However by the time we arrived on the 13th Inverness Airport was fully open and as was expected the main roads had been cleared and were fully passable, albeit there were still considerable amounts of snow along sides of the main roads. The side roads however were in some instances a different story and some would have still been impassable, I think you will agree the old bridge in 'Carrbridge looked just a little different from when we visited in June/July last year. And sorry to say it does look as though the weight of the snow has brought the conifer on the right side of the bridge down as indeed it had many other trees in the area.
As arranged we made journey to our destination on the 14th and stopped at one of our favourite spots 'Carrbridge' where icicles hung from the gutters of the houses, in some cases reaching eighteen inches to two feet in length and snow was banked up four feet deep at the road side.
It's true to say that we spent most of the week in the Cairngorms region/Aviemore which was indeed very busy, the children were on half term and were having a great time in the snow which because Aviemore is above sea level was still very much covered in snow being deep in places
What is noticeable in Scotland is the affection the locals have for the wild life and their animals, there were plenty of bird feeders for the birds and red squirrels and the farm animals, Highland cattle which appear to be making a real come back in Scotland were well cared for.
These two young males were well dressed for the cold weather, and taking advantage of the hay just provided by their owner, who without doubt had a lot to do with the clearing of the side roads of the heavy snow fall.
The 'grey leg' geese however having returned for the winter were quite capable of looking after themselves settling where the grass was greenest!
On the resort we were staying 'Scandinavian Village' even the large Silver Burch tree trunk had been used to good advantage.
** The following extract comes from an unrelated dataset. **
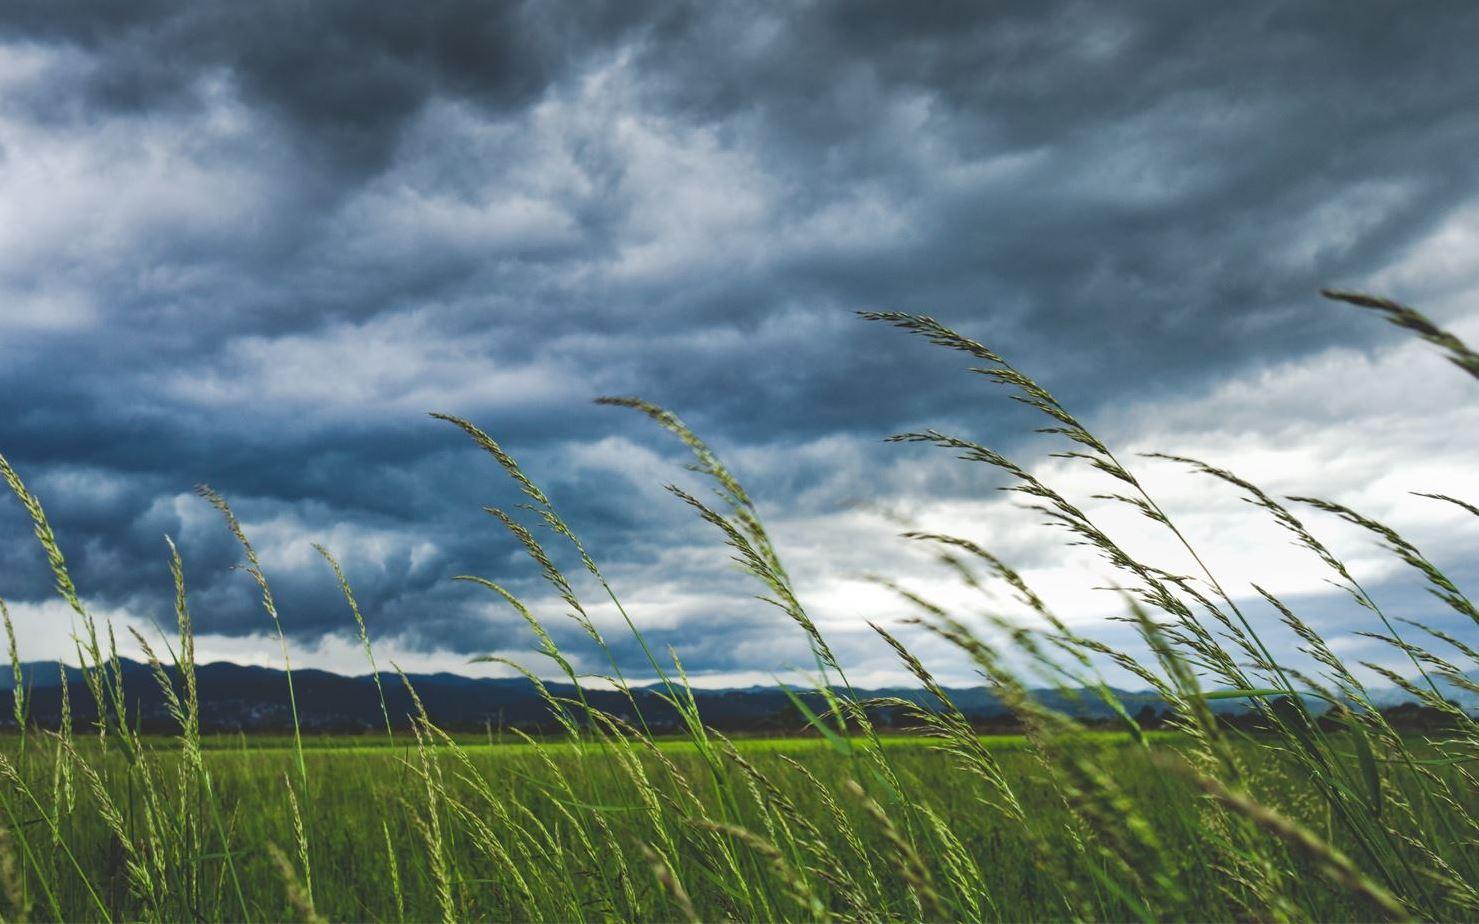 Ο καιρός με την Αναστασία Τυράσκη: Πτώση της θερμοκρασίας και βροχές στα ανατολικά (video)

In this case the owl had been carved by a Allis Burgess the wife of the originator of one of the other large carvings on site, a highland cow, which used the full trunk of a tree.
The Modern tractors now used being ideally suited to cutting a pathway through the snow.
My normal occupation while in Aviemore of fly fishing for trout was out of the question on this visit, the lakes being almost completely frozen over, I could have set up a tent on the ice and cut and fished through a hole but it didn't have the same appeal so gave it a miss!
It wasn't even ideal conditions for a pic-nic as the tables were already occupied by in some places over a foot of snow! You certainly wouldn't have wanted an Ice bucket for the champagne?
The swans in this photo I'm sure were pleased that the ice had thawed allowing them to at least swim in the river, a couple of days earlier that to had been frozen over.
If you were a new visitor to the area you could be forgiven for not knowing the beneath this very large sheet of ice was 'Lock Morlich' you might not be forgiven if you had ventured onto it as some carefree visitors had obviously done.
The wonderful views from our favourite spots were so different from the photos taken during our visit last year, June/July. I never tire of visiting and seeing these wonderful spots which are within easy reach of Aviemore by car of bike.
Even the forest looked so different with it's white carpet, although in some places the weight of the snow had done considerable damage to the trees, breaking off large branches where they were unable to support the weight. It appeared that it was the 'Scots pine' that had suffered most damage. No telling what has happened to the numerous Ospreys nests which of course they visit and use year after year.
In this instance the Scots pine in the foreground has given up and is dead, but still adds to the view and harsh climate to which it has been exposed.
It's hard to believe that this is the same view, both are taken from the same view point, The 'Bailey bridge' without doubt erected by the forces way back in the fifties, which allows access to the RAF hut now known as the 'Rothiemurches hut' although now there are quite a few wooden building situated in the same area.
Even Ruthven Barracks, situated to the west of Aviemore, stands out with more dominance against the backdrop of snow, now doubt having seen far greater events and falls of snow during it's long history. Interesting to see the moles aren't put off by the snow above ,still creating havoc by pushing up large mounds of fresh soil obvious against the white surface of the field. For more information :- Ruthven Barracks History.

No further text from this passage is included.